Воронеж. 19.01.2018. ABIREG.RU – Эксклюзив – «В аэропорту два летчика во время нелетной погоды. Первый готовится к вылету и, несмотря ни на что, грузит багаж, запускает всех пассажиров в салон самолета и ждет взлетную полосу, будет окно – взлетаем. Второй говорит, ну, раз нелетная погода, я пойду лучше в гостинице посплю, пассажиры пусть по ресторанам погуляют. Когда дадут команду на взлет – загрузимся, сядем и полетим. Потом появляется небольшое окно нормальной погоды, первый сразу взлетел, второй только начал грузиться – и вылет снова отменили», – эта байка, повторяемая чуть ли не на каждом совещании «ЭкоНивы» ее основным акционером и президентом Штефаном Дюрром, претендует на роль бизнес-идеологии крупнейшего в России производителя сырого молока. Корреспондент «Абирега» пообщался со вторым человеком «ЭкоНивы», коммерческим директором Сергеем Ляшко, и узнал, почему у них молочные реки без берегов и почем должен быть фунт сыра.
– Сергей Михайлович, давайте начнем с самого начала: где родились, учились, как попали в «ЭкоНиву»?

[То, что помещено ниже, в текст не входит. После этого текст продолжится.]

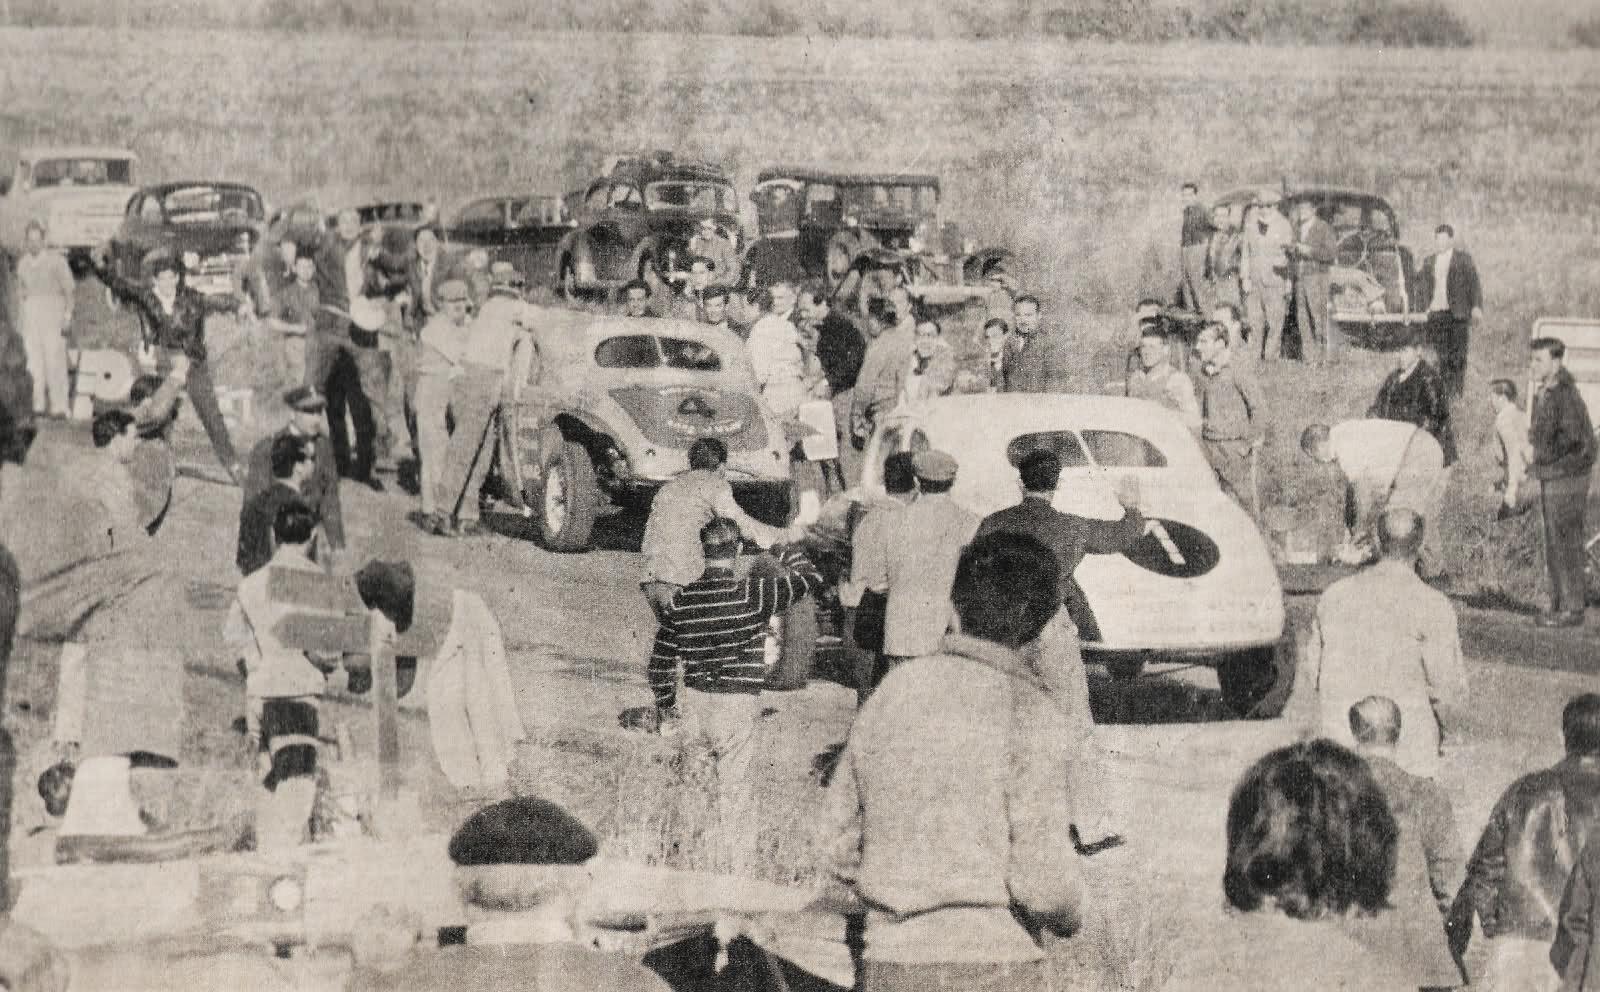 1º Edición Pagos del Tuyu de autos Clásicos

– Я абсолютно сельский человек, вырос в селе, если что, трактор водить умею, диплом машиниста-тракториста третьего класса есть. Родился в белгородской Алексеевке, потом родители переехали в Лискинский район, в село Петровское, там и живут до сих пор. Сейчас у меня двое детей. В 2003 году я окончил СХИ, экономический факультет. Отслужил год в армии. После армии женился, переехал в Лиски. Первое место работы – Сбербанк, здесь, в Лисках, в кредитном подразделении по кредитованию юридических лиц, начинал кредитным инспектором, двигался поступательно по карьерной лестнице пять лет, пока не уперся в потолок для самого себя. Здесь же познакомился сначала с исполнительным директором компании «ЭкоНиваАгро» Александром Рыбенко, а затем и со Штефаном Дюрром, который часто принимал участие в обсуждении вопросов по работе с банком. Работа с «ЭкоНивой» входила в мои обязанности как инспектора в Сбербанке. В «ЭкоНиву» я сам попросился, к Александру Николаевичу обратился. С 2009 года я здесь, десятый год пошел.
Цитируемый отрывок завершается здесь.